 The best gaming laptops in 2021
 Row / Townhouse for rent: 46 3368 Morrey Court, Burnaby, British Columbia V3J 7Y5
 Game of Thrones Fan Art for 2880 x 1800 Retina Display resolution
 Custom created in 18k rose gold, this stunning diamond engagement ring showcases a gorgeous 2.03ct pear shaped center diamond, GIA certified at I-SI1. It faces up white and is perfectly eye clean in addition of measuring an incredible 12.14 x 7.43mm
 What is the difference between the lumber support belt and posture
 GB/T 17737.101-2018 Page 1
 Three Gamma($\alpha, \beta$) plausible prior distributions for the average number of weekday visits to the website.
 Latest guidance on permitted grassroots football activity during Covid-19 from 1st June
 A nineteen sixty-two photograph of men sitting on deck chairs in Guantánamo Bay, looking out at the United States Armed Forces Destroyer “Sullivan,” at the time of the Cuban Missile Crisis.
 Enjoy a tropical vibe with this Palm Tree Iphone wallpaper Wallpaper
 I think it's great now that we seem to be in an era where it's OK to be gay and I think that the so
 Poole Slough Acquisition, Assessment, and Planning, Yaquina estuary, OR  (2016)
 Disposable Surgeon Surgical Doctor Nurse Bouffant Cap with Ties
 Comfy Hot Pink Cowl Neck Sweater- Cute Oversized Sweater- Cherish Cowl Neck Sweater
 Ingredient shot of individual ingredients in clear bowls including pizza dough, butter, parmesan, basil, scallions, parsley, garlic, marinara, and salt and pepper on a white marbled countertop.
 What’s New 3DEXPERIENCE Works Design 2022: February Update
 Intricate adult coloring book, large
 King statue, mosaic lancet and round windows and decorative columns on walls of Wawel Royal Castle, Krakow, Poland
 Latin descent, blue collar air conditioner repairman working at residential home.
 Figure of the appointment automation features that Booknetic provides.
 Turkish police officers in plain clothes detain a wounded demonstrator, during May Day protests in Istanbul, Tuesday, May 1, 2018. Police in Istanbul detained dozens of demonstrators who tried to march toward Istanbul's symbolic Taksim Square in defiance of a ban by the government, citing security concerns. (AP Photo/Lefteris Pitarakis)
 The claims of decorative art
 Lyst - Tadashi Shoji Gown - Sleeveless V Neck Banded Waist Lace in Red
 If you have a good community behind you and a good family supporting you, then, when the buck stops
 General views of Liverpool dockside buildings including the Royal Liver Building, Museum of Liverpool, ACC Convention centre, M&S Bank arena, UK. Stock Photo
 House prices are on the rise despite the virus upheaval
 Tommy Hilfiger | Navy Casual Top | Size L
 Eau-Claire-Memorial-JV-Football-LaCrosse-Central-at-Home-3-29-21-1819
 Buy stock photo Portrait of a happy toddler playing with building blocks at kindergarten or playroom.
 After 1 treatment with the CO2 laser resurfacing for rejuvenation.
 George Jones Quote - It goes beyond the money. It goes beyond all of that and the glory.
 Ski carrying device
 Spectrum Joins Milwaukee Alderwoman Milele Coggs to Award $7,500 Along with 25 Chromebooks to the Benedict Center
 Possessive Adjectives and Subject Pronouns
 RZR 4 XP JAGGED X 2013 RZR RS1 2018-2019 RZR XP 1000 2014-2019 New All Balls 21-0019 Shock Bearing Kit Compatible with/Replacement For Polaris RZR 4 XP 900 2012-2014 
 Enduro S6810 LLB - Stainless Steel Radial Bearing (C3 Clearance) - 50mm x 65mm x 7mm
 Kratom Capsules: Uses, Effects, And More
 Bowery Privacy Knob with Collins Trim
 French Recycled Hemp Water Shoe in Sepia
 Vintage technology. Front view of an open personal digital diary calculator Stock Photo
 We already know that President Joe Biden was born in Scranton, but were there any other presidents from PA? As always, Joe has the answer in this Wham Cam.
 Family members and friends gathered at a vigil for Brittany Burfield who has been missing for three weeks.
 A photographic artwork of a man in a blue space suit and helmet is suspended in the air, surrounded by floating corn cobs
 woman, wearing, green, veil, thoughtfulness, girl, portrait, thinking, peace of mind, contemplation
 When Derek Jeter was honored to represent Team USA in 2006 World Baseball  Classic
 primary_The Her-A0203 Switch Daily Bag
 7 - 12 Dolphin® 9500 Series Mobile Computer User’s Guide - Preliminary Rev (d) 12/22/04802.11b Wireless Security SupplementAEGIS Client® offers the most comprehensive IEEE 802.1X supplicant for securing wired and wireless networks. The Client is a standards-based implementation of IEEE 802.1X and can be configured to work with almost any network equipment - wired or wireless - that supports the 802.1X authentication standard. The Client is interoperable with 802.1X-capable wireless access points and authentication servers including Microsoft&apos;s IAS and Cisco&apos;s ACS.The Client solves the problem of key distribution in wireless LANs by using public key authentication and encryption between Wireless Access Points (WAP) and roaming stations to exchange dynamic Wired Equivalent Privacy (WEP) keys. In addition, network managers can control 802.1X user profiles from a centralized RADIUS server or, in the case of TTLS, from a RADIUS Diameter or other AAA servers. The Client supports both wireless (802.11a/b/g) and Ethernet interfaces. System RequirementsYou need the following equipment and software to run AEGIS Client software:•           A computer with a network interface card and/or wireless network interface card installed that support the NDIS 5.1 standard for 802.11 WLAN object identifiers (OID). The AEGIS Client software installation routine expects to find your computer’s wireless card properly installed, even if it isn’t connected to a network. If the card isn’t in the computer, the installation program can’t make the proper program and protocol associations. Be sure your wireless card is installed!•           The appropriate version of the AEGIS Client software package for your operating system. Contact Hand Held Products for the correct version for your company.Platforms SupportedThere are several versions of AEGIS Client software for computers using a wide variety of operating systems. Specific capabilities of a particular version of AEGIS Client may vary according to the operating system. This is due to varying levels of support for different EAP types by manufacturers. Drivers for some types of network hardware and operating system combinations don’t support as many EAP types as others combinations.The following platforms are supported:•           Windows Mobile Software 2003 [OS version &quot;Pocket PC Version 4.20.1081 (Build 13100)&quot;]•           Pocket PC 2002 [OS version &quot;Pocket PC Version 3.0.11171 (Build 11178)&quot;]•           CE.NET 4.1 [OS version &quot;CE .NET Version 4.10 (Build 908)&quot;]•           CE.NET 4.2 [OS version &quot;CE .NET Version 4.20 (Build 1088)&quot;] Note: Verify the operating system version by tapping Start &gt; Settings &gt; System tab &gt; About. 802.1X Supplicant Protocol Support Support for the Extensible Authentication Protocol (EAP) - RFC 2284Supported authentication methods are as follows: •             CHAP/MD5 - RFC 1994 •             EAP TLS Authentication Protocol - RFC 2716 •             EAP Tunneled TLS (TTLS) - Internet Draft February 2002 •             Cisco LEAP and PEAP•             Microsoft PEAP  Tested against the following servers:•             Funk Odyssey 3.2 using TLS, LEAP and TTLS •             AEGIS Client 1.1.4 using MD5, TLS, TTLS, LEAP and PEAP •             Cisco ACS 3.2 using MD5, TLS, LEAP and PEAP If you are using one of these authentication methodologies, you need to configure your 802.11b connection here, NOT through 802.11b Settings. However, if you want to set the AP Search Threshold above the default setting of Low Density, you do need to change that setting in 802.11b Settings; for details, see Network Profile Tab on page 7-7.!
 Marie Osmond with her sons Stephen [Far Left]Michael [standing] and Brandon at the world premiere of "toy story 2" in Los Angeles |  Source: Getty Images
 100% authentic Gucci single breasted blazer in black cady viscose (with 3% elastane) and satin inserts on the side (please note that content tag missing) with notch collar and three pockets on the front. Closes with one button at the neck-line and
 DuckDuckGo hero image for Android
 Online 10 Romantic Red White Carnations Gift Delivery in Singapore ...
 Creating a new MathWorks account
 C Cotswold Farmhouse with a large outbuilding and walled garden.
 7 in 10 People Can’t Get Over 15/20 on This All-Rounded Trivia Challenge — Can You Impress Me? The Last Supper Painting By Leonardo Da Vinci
* * * * *
**Assignment:** Give back, unchanged, the run of lines in the listing above that begins at the line containing "Tommy Hilfiger | Navy Casual Top | Size L" and ends at the line containing "Possessive Adjectives and Subject Pronouns", both included.

**Exercise result:**
 Tommy Hilfiger | Navy Casual Top | Size L
 Eau-Claire-Memorial-JV-Football-LaCrosse-Central-at-Home-3-29-21-1819
 Buy stock photo Portrait of a happy toddler playing with building blocks at kindergarten or playroom.
 After 1 treatment with the CO2 laser resurfacing for rejuvenation.
 George Jones Quote - It goes beyond the money. It goes beyond all of that and the glory.
 Ski carrying device
 Spectrum Joins Milwaukee Alderwoman Milele Coggs to Award $7,500 Along with 25 Chromebooks to the Benedict Center
 Possessive Adjectives and Subject Pronouns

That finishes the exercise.